Et laissant la jeune fille, étourdie, chancelante, prête à défaillir devant le tableau évoqué… Pierre sortit de la tanière du vieux Rigobert, suivi par Simon qui se grattait le crâne, en se demandant ce que son maître voulait faire…

Le vieux Rig avait été très réservé: il avait dit à Simon que le soir même, entre onze heures et minuit, il viendrait rue Payenne; que là une terrible chose devait s'accomplir et qu'il ne pourrait quitter la petite maison de la rue Payenne que le lendemain soir.

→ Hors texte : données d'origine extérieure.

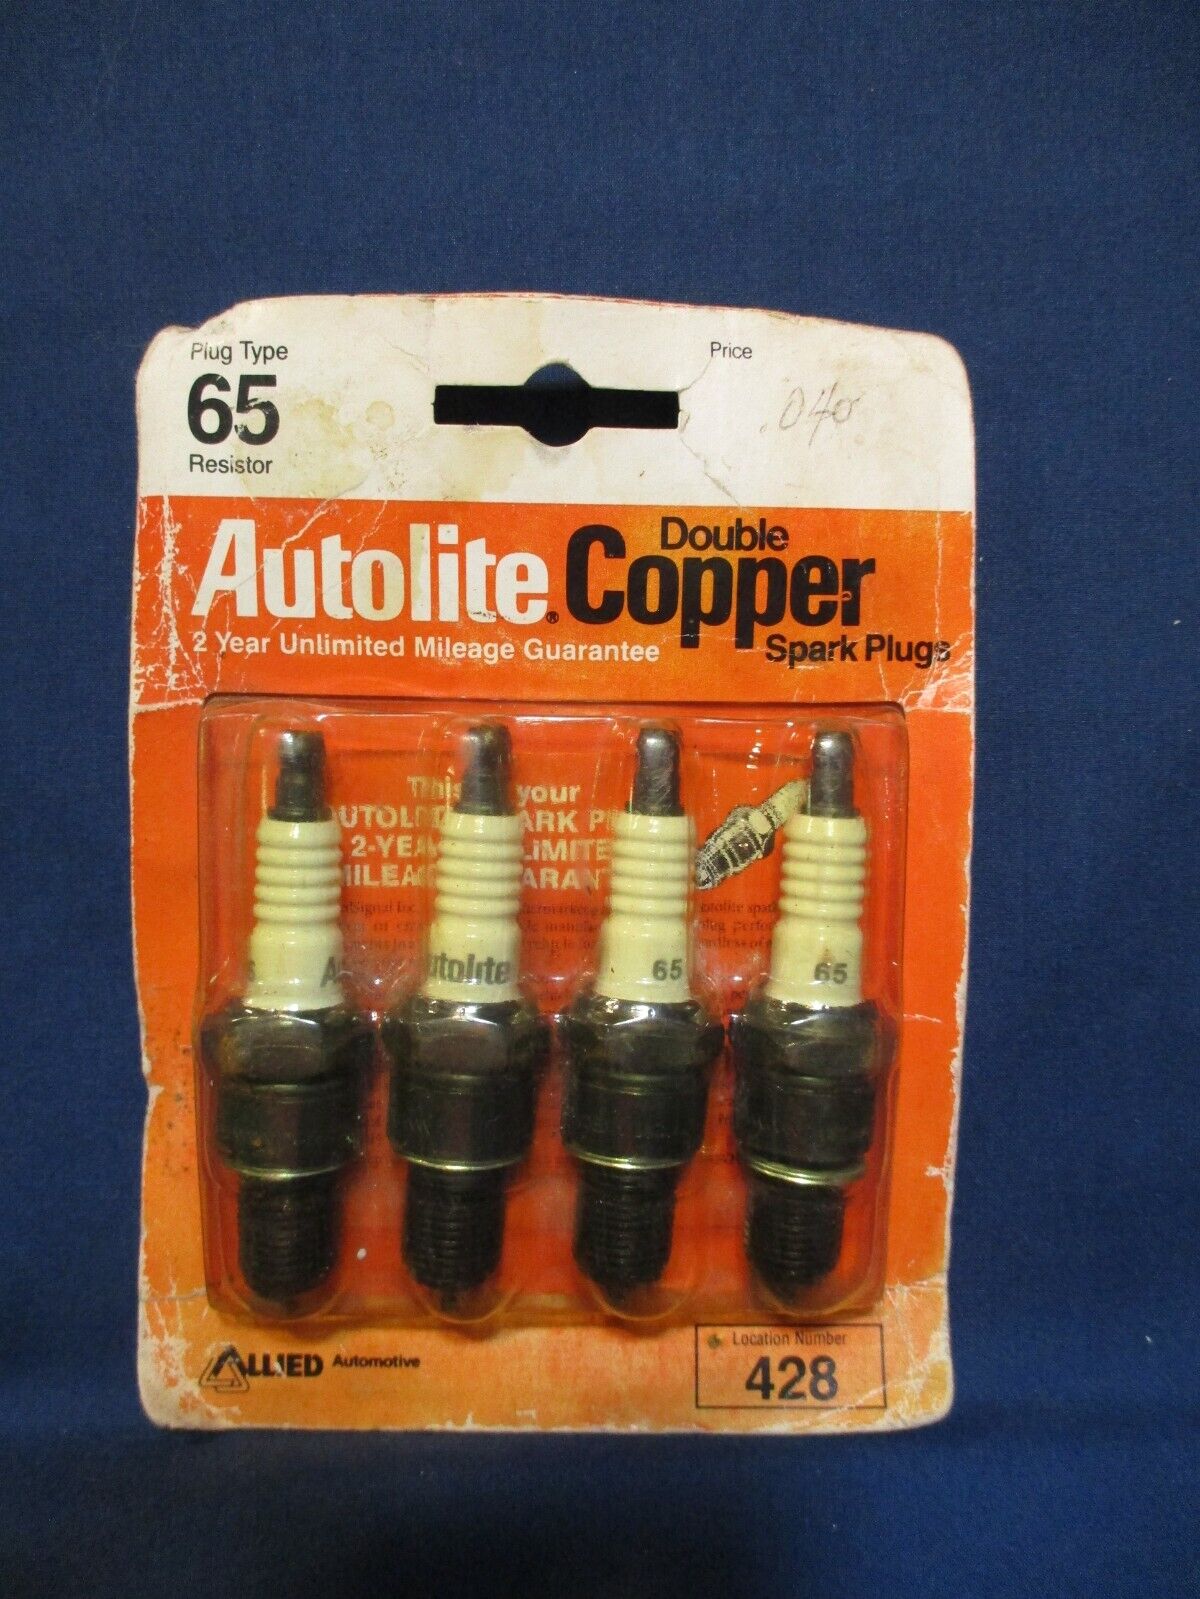 Autolite Double Copper Spark Plugs Plug type 65 Resistor pack of 4

Certainement, Simon était discret; pourtant, après les événements qui depuis la veille bouleversaient la vie de tout le monde, il aurait bien voulu que son lieutenant lui fît l'honneur d'une demi-confidence. Il marchait à ses côtés, en regardant en dessous; mais Pierre, la tête baissée, le front soucieux, partait sans le voir, sans voir—le monde étrange qui sortait de toutes les échoppes, de toutes les baraques, de toutes les voitures pour les regarder passer.

Arrivés sur la route, Pierre sauta dans la voiture et dit au cocher:

—A Charonne!

—Pardon, mon lieutenant, où dites-vous? exclama le matelot, aussi ébahi que le cocher.

—A Charonne, près du Père-Lachaise, répéta Pierre impatienté…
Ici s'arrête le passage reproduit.